Exercise inputs:
-------
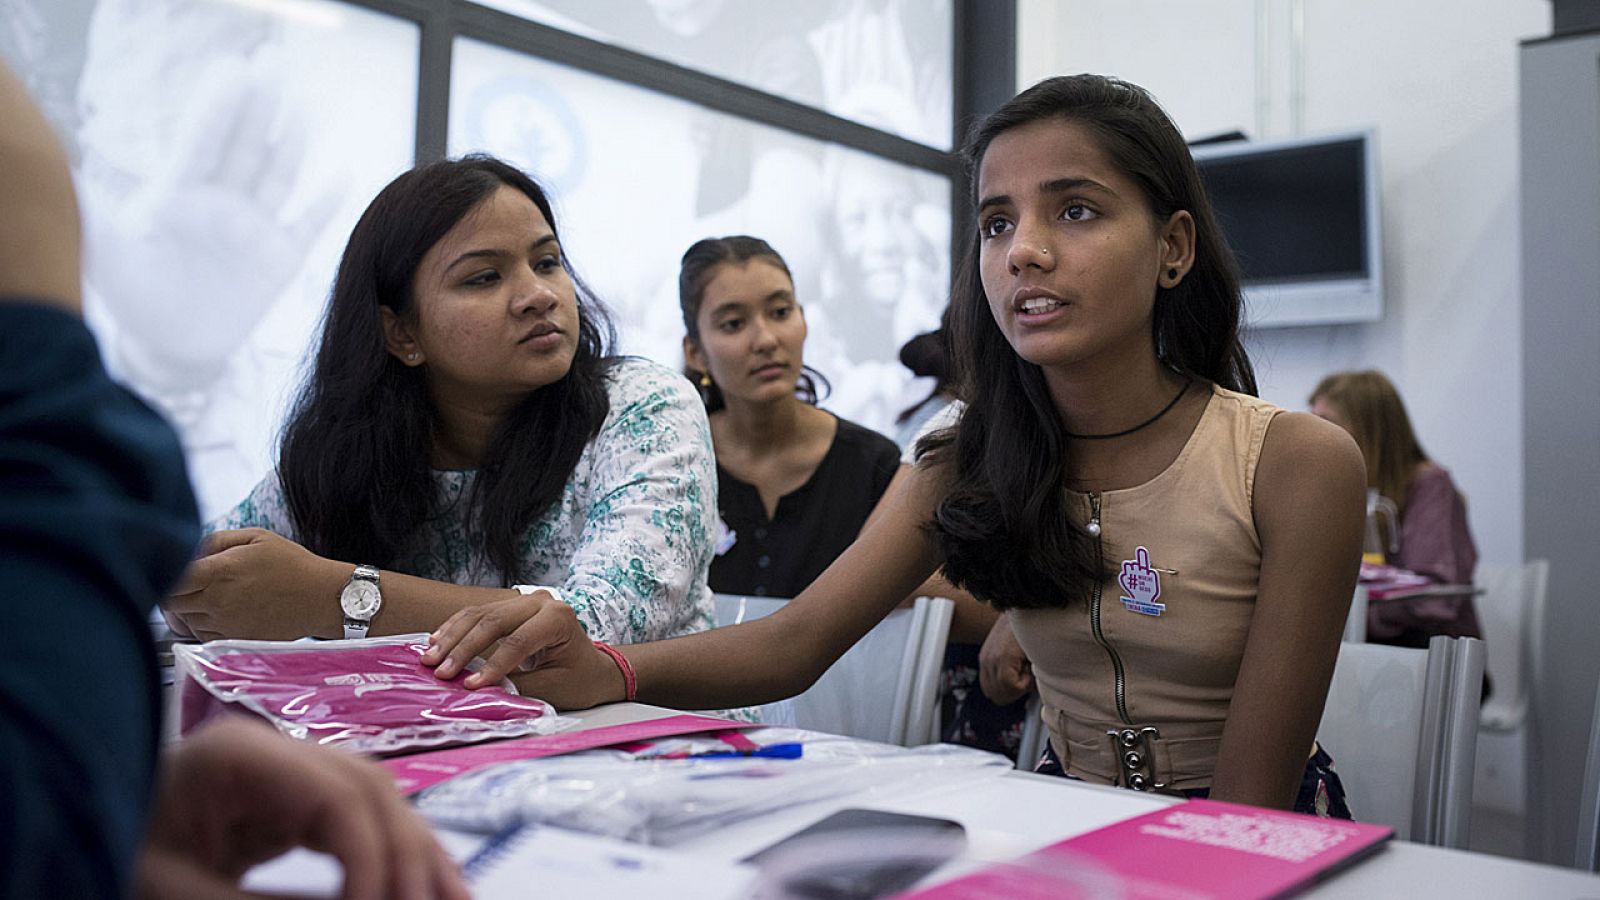 Shatabdi (derecha) y Sabina Shrestha (detrás) luchan para prevenir la violencia contra las niñas en India y Nepal.
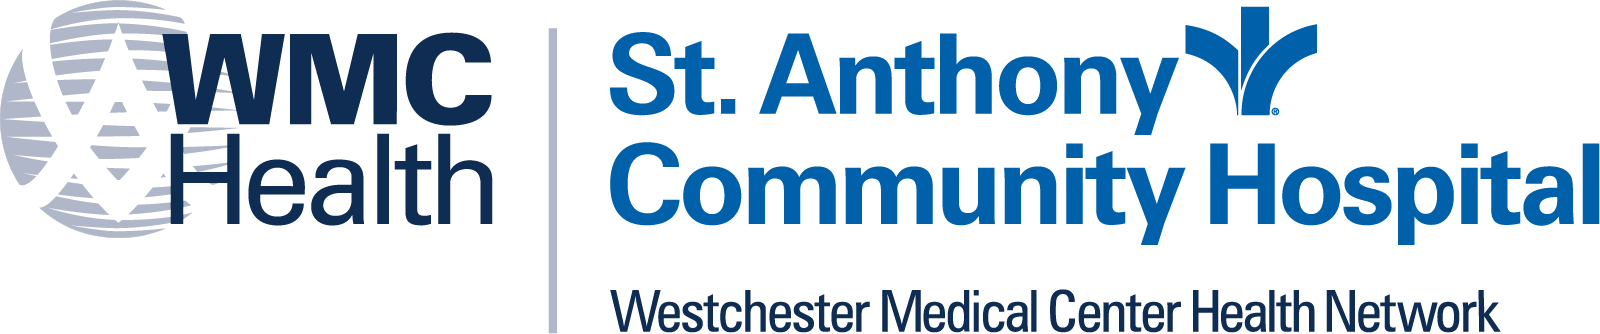 St. Anthony Community Hospital
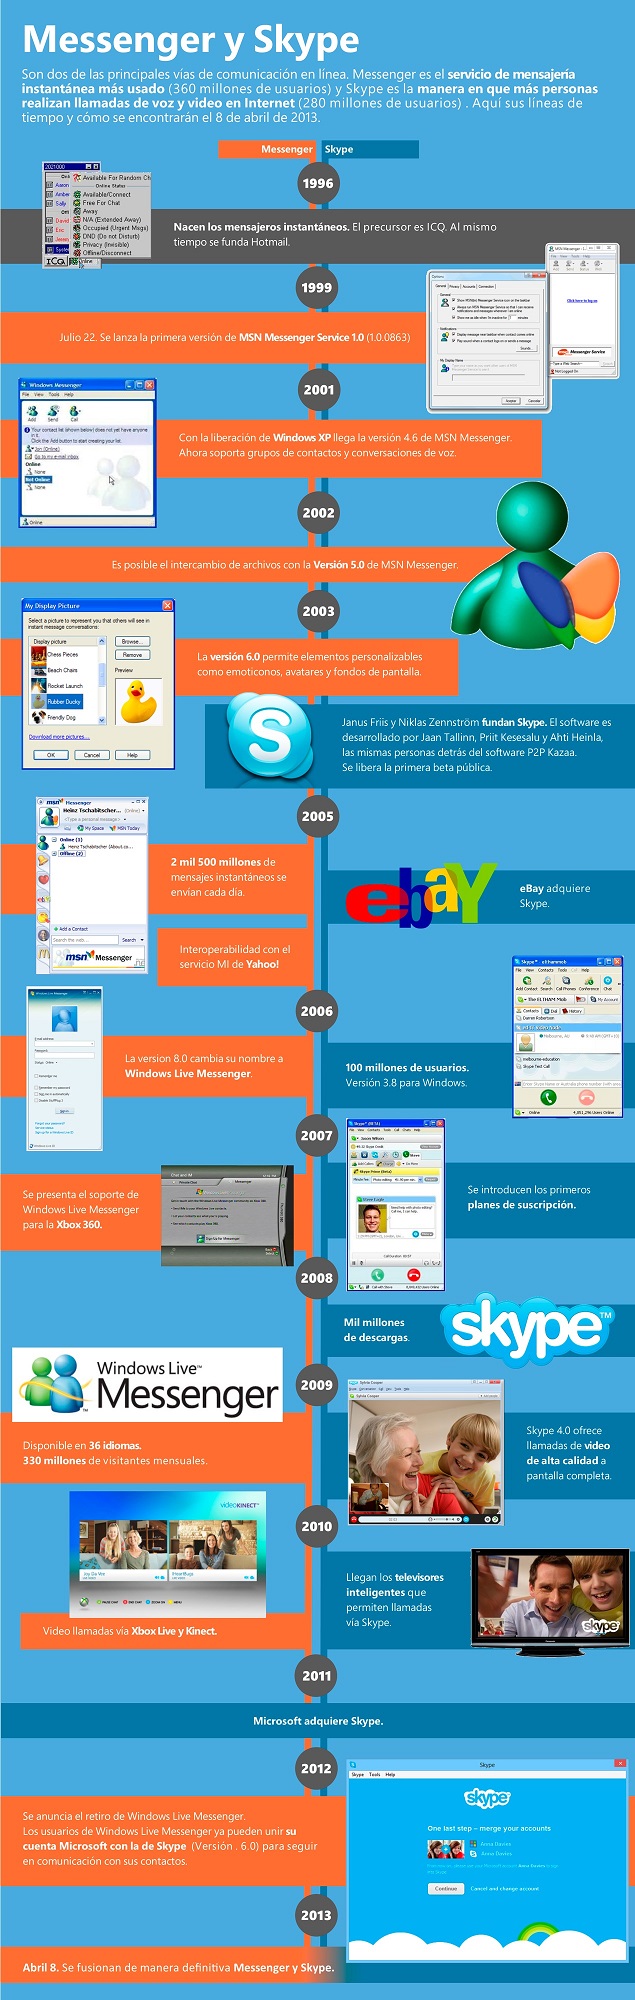 Timeline-Skype-Messenger_jpg.jpg
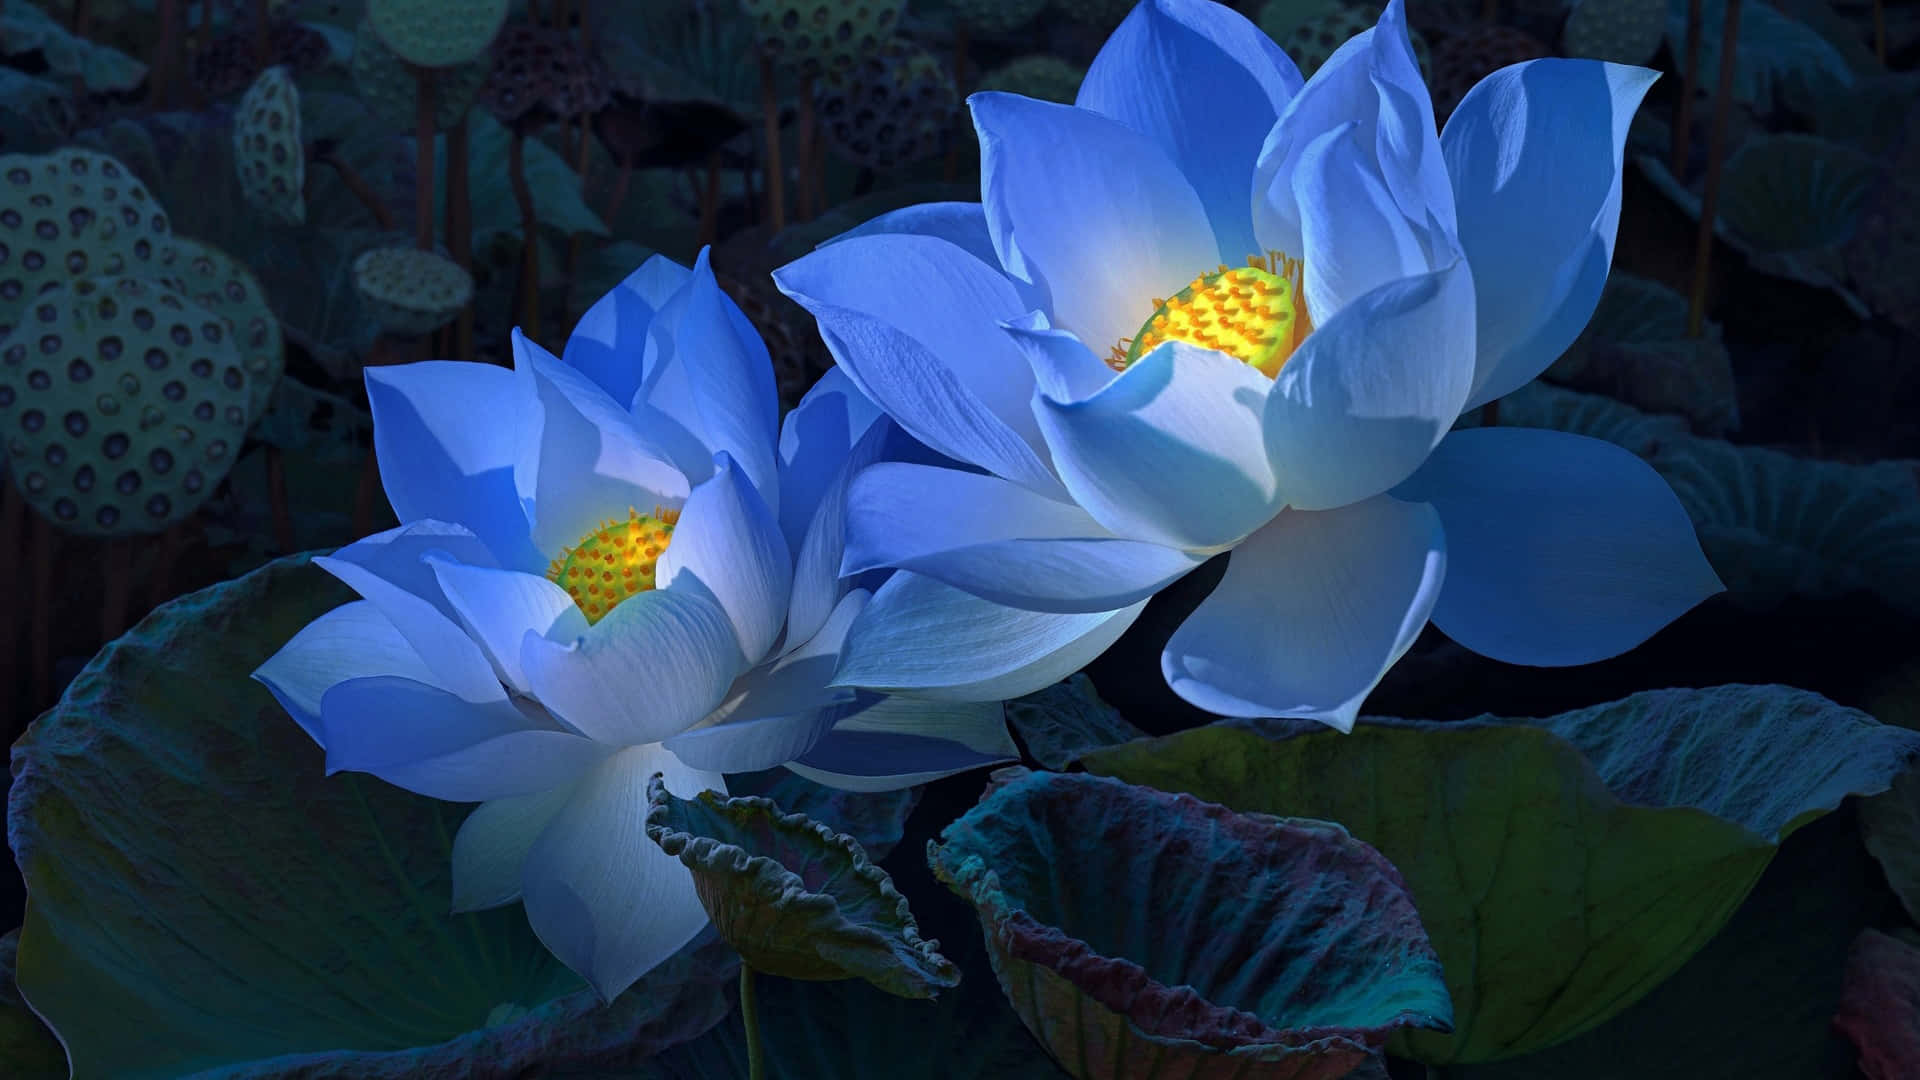 Serene Nighttime Lotus Blooms Wallpaper
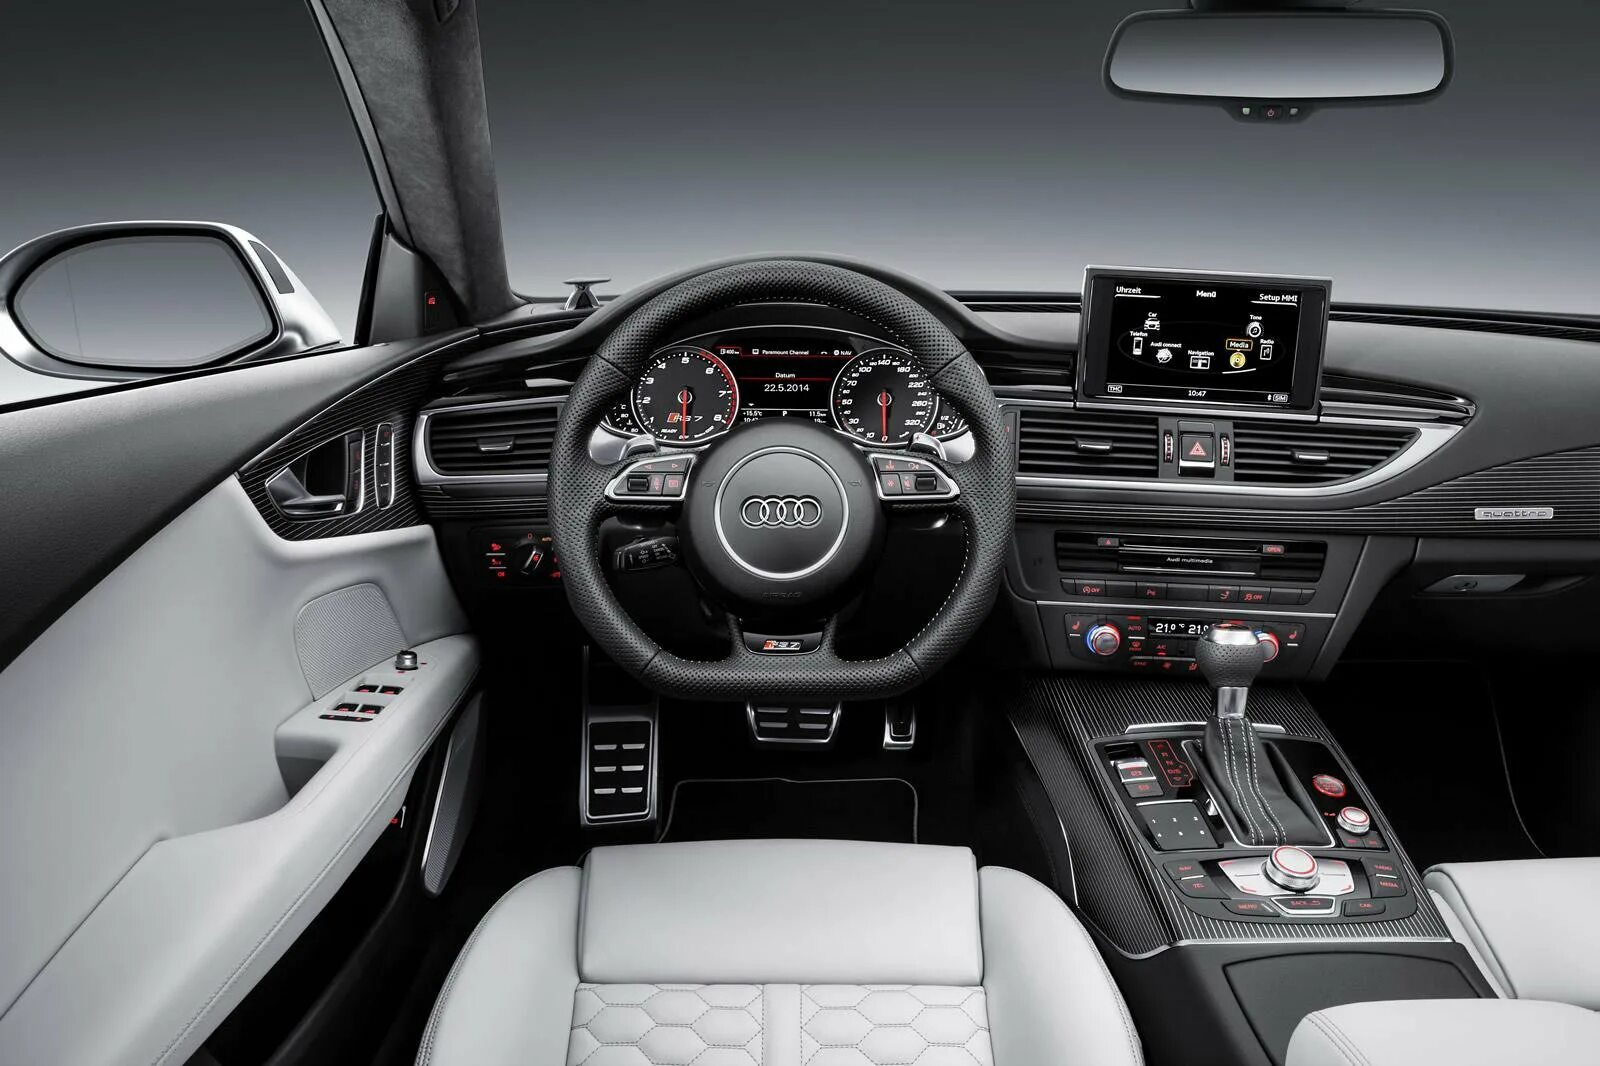 06 2015 г. Audi rs7 2020 салон. Audi rs7 Sportback салон. Audi rs7 Sportback 2022 салон. Ауди rs7 Sportback 2021 салон.
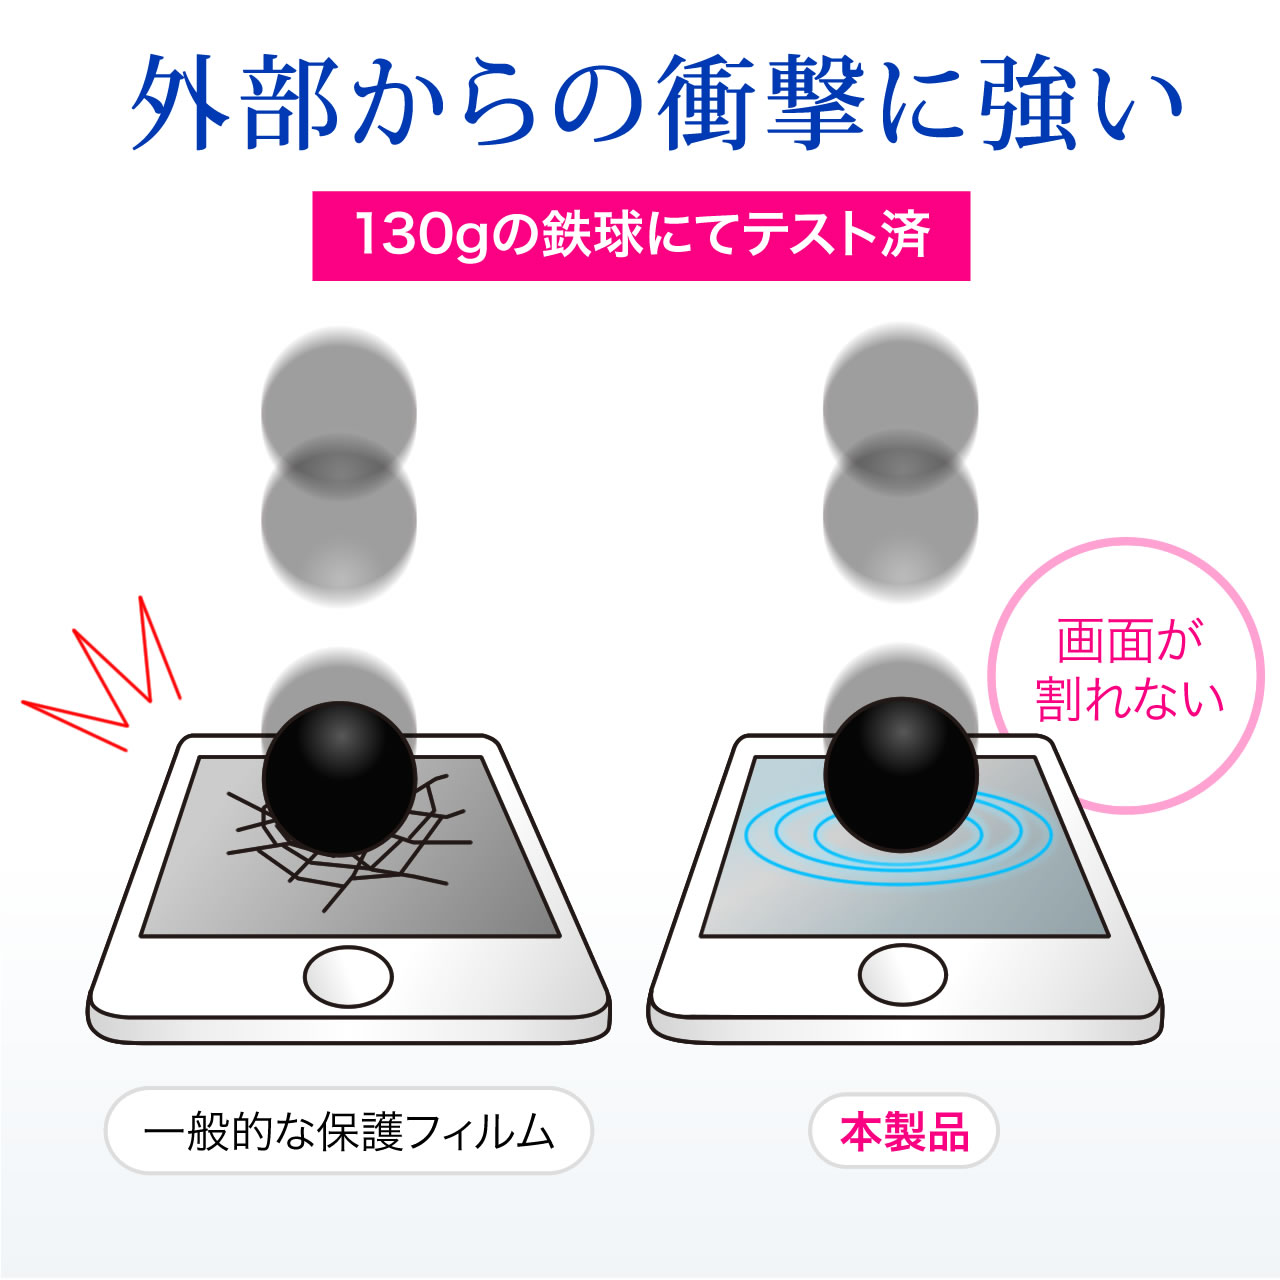 iPhone 8/7衝撃吸収ブルーライトカットフィルム（硬度3H・抗菌・反射
-------
What this task involves: From the line that contains "Serene Nighttime Lotus Blooms Wallpaper" to the final line of the entries, reproduce every line exactly, both ends included. Leave out all pictures.

Result for this exercise:
 Serene Nighttime Lotus Blooms Wallpaper
 06 2015 г. Audi rs7 2020 салон. Audi rs7 Sportback салон. Audi rs7 Sportback 2022 салон. Ауди rs7 Sportback 2021 салон.
 iPhone 8/7衝撃吸収ブルーライトカットフィルム（硬度3H・抗菌・反射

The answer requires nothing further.